THE TAKE AWAY
By Kersley Fitzgerald
I was alone when I heard. Dev was deployed. I don't think our other friends, J&A, had moved to Hawaii yet. There had been a core of five couples in the small group when the first baby was born — a perfect girl. Six years later, she was dead. Her parents thought it was the flu, but it was a twisted colon. She died in pain, in her mother's arms, halfway to the hospital.
There wasn't anyone else around me who knew them. Another couple from the study was still in the Springs; yet another was in the army in Kentucky, I think. Maybe Tennessee. But no one else was near me, to remember the girl with sunshine hair who lit up her daddy's face like nothing else. Or the baby, the first and maybe only baby I ever attached to and who had held her 12-month arms out to me, figuring if mommy wasn't available, I was a suitable substitution. Or the toddler who had watched the wind catch the blades of grass I sprinkled on her head, and tried to repeat the move on a little boy with a handful of gravel.
A few months later, after Dev had returned from deployment and J&A had moved in four blocks away, Miss Sunshine's shell-shocked parents and brother came to visit. I didn't know what to do or say; just to be there, let them feel the sun and go to the beach. I didn't expect the bitterness, the anger, and the closed-off face that my dear friend wore. Or the comment when we went to the Pearl Harbor memorial, "At least they had a chance to live." I loved them, and I wanted to make it all better, but I didn't know how to act in that temporarily hopeless pit. I couldn't understand why my friend would push me away when I was mourning too.
I had gotten a tiny taste of it shortly after the little girl's death. Only one person in my large Bible study really talked to me about it — a single man a few years older than me. I was relieved to be able to speak my own words of mourning and have someone (semi) interested in hearing. "I just don't understand why God would do this," he said, real pain in his voice. It changed though, the night I shared that several people had come to Christ at her funeral. "Oh! That's why," he said. "God did have a reason." All I could think was, I sincerely doubt her mother thinks it was worth it. (This was second only to another acquaintance who, upon hearing the details, immediately dissected the event to determine how the parents could have prevented the tragedy.)
That visit with my friends came back to me this summer. You may recall our interesting June: GotQuestions.org's 10th anniversary party, overlapped by a couple of hours with the Waldo Canyon Fire, wherein I was evacuated to work at home in 100 degree weather with no A/C. That week, our friend tripped an IED and lost his lower legs. That Friday, another friend crashed into a tree and burned to death.
The next week, we went to visit family. I was desperately looking forward to sleeping, eating, and looking at green trees that weren't on fire. But, like anyone who's been through a rough time, we were rough ourselves. And I had forgotten that the particular family members we had come to visit were wounded in ways that made it difficult for them to take on another's emotional burden. Dev had suggested we spend the first few days at the coast, and I should have agreed. In the end, we came home somewhat refreshed, but we left our family overwhelmed and deeply concerned about our mental stability — which, of course, made us feel horrible again.
As the details of the Connecticut elementary school shooting seeped out, I was reminded of those two events from my past. I don't have a psychologist-recommended list of do's and don'ts. I don't have an answer for the argument between gun control and mental health care.
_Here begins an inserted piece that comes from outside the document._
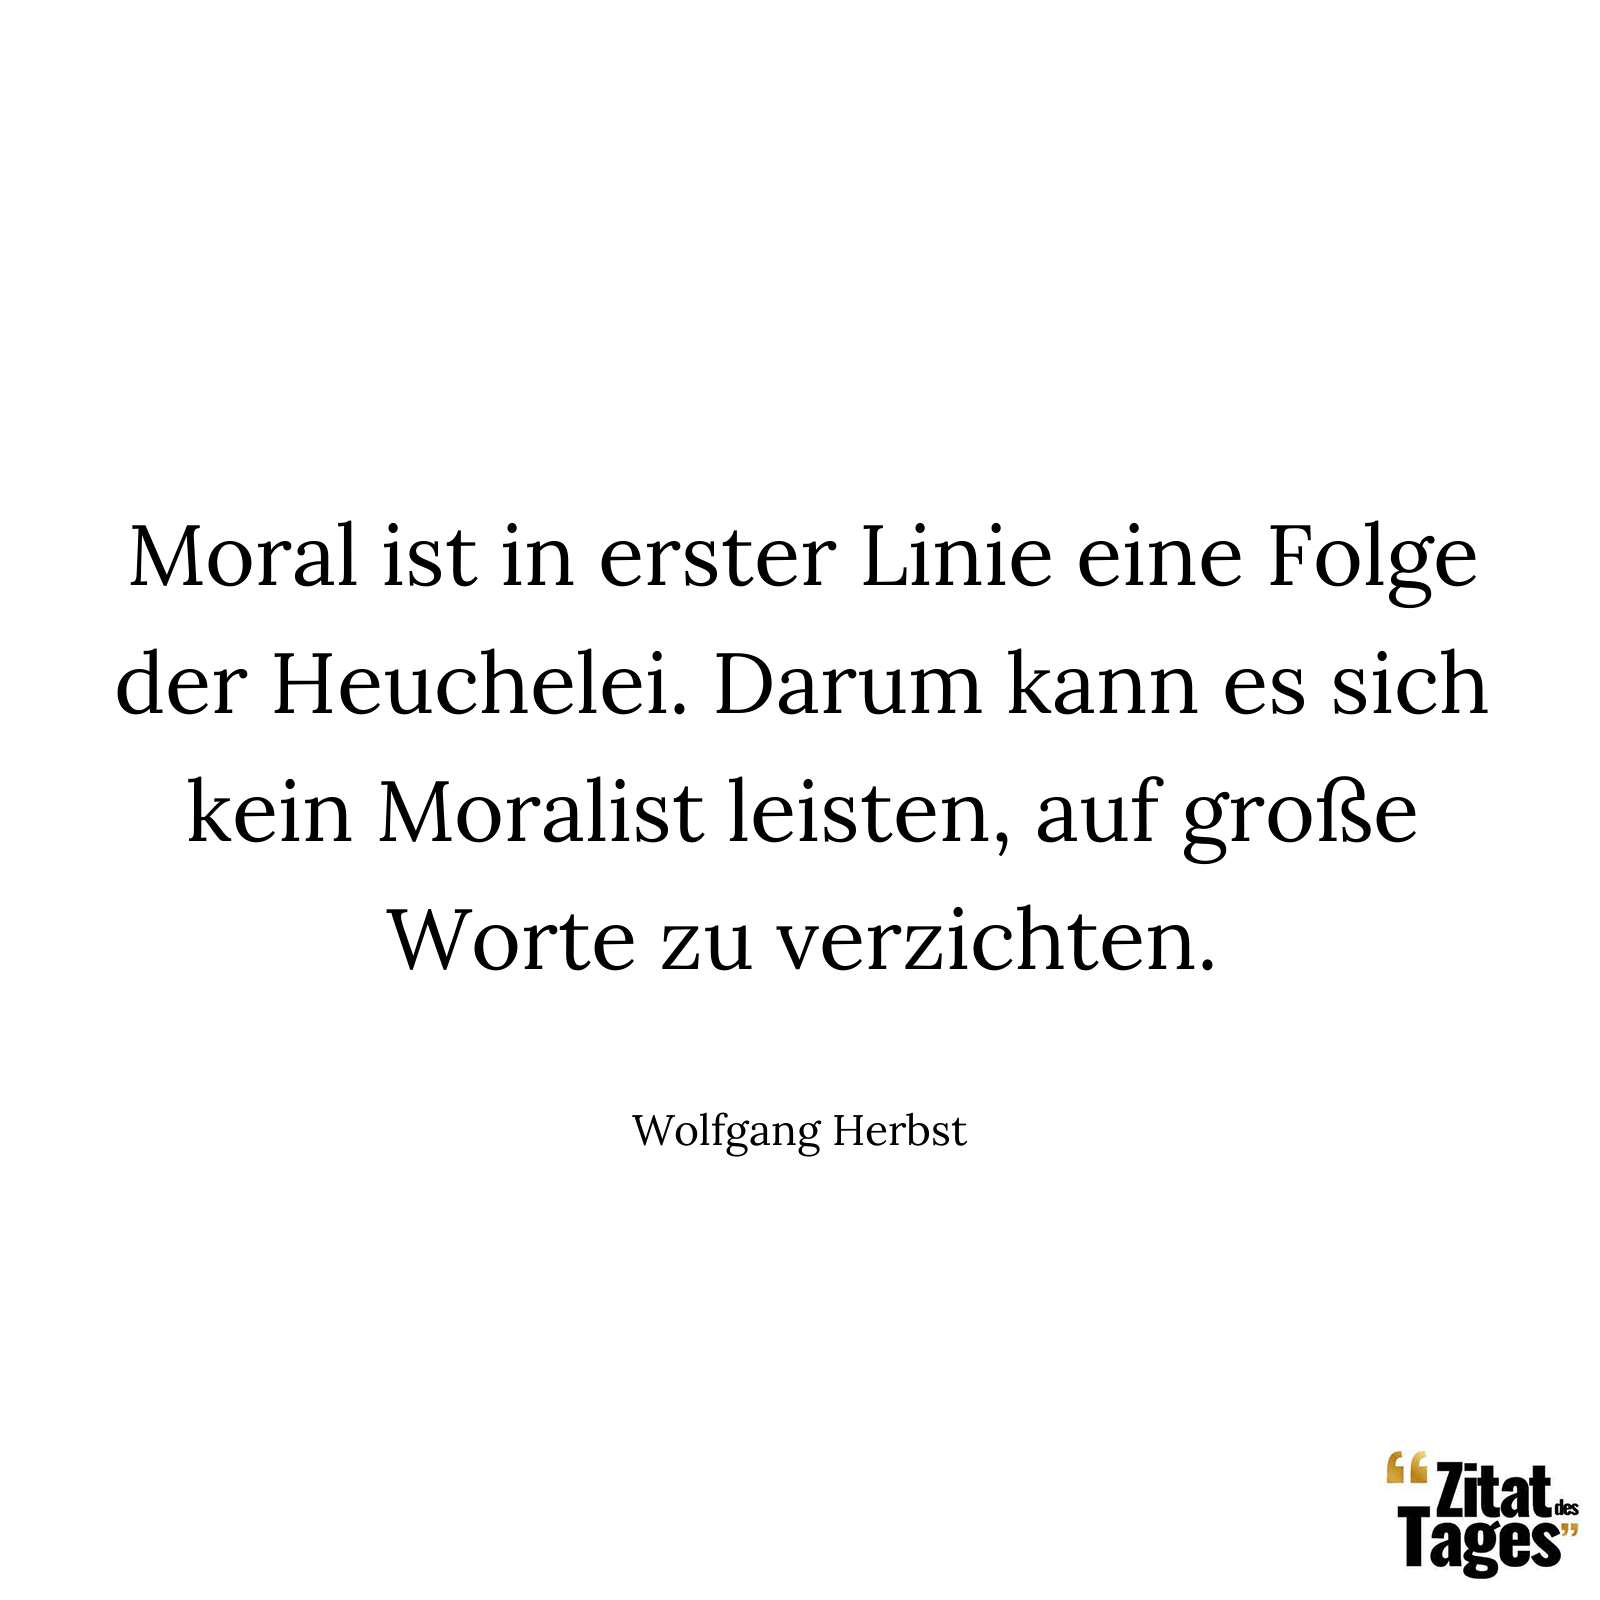 Moral ist in erster Linie eine Folge der Heuchelei. Darum kann es sich kein Moralist leisten, auf große Worte zu verzichten. - Wolfgang Herbst

I just have what I painstakingly learned from my own experiences being with friends who are hurting and being someone who needed a friend:
Give permission to everyone involved to be an idiot in whichever way they feel necessary at that moment.
For the hurting, it means to allow them the grace to verbalize and manifest what they are feeling. Even the most spiritual person has physical and emotional limits. Be the one who will sit in the dark pit with a friend and not need to find a flashlight. What they say may be contrary to their nature — acknowledge that such a response at that time is legitimate, though you may quietly hope it will be temporary. It takes time for God to work healing into a person's heart. Don't expect more from your friend than God does.
On the other hand, the hurting need to give their loved ones the grace to be insufficient. God provides all our needs; He often does so through other people. Which people and when are up to His orchestration, not our expectations. Look out for the signs that you may be overwhelming someone, then either back off a little or allow them to speak their own concerns. You may find that this person has provided all the support that they can, or you may find they just need a tiny sign of hope from you. And bear in mind that while your loss may feel all-consuming, their deep sadness for their hurting friend is just as legitimate.
God is the god Who works through history. He has worked in grace for 6000 years to guide people in the way they should go, and He uses an entire lifetime for individuals. Allow for that time. Give grieving friends grace — give yourself grace — to move toward healing. We want quick healing and quicker answers, but God doesn't always work that way. Grace is allowing God to work in His way, not our own. And only His way brings real healing.